■ What is needed ■
Quote these lines exactly: the one that holds "18k Yellow Gold" and every line after it to the end of the material below. Skip pictures.
»»
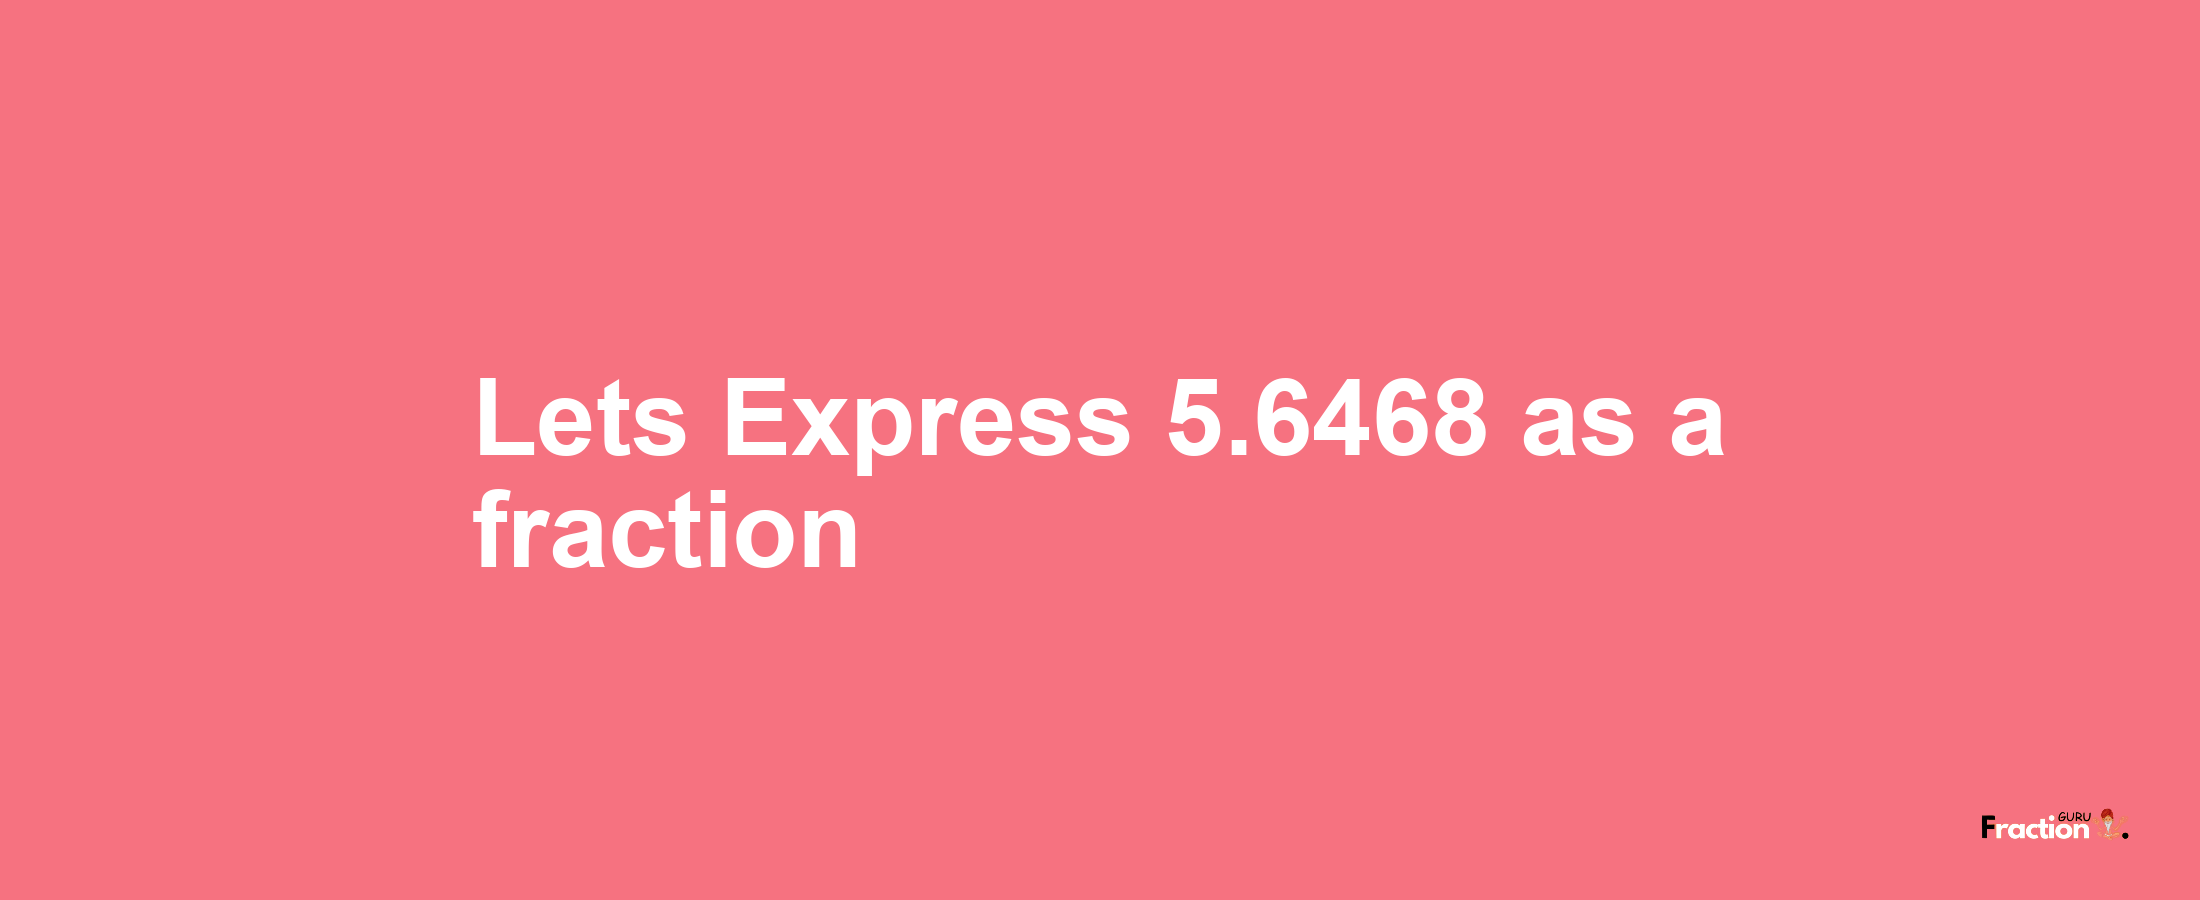 Lets Express 5.6468 as afraction
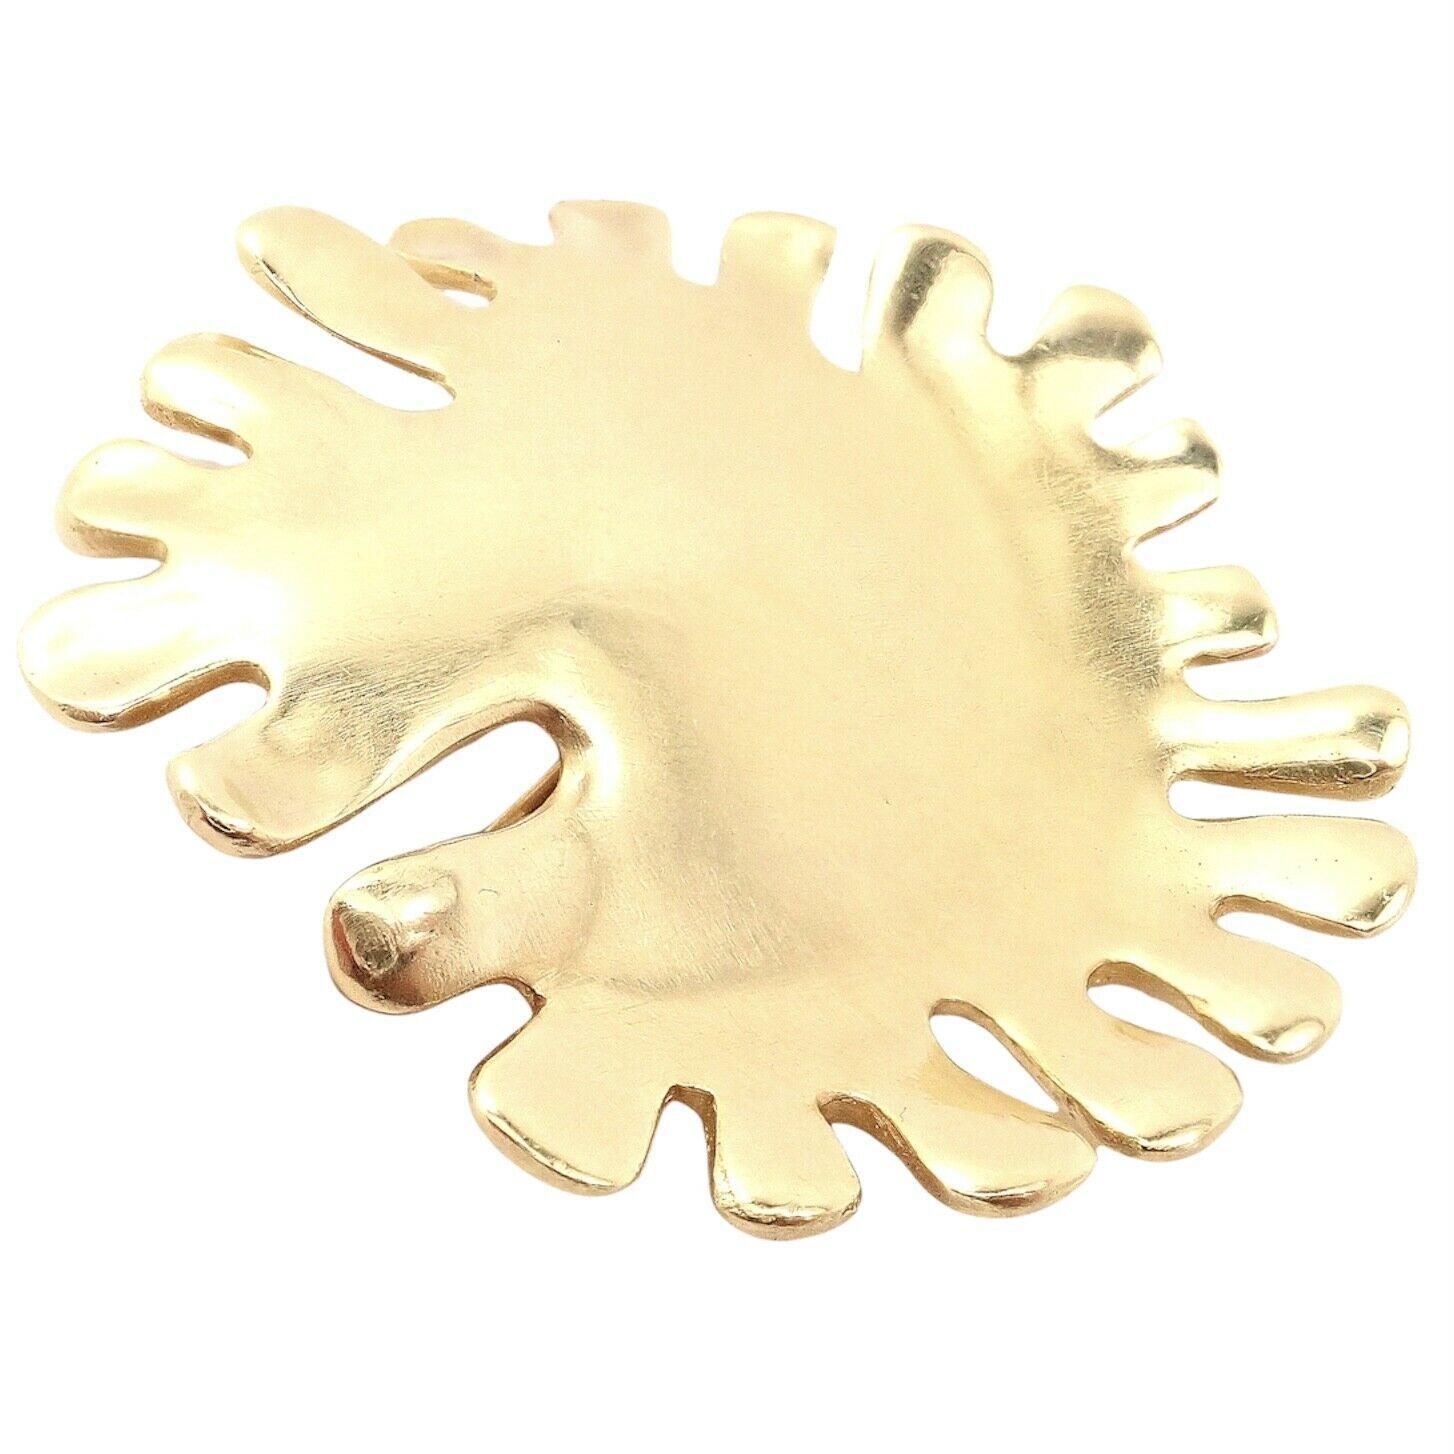 18k Yellow Gold Nickelodeon Abstract Brooch by Angela Cummings for Tiffany & Co. 
Details: 
Measurements: 38mm x 38mm
Weight: 15.2 grams
Stamped Hallmarks: T&Co 18k 1981
YOUR PRICE: $3,250
Ti834mloe
««
■ Output ■
 18k Yellow Gold Nickelodeon Abstract Brooch by Angela Cummings for Tiffany & Co. 
Details: 
Measurements: 38mm x 38mm
Weight: 15.2 grams
Stamped Hallmarks: T&Co 18k 1981
YOUR PRICE: $3,250
Ti834mloe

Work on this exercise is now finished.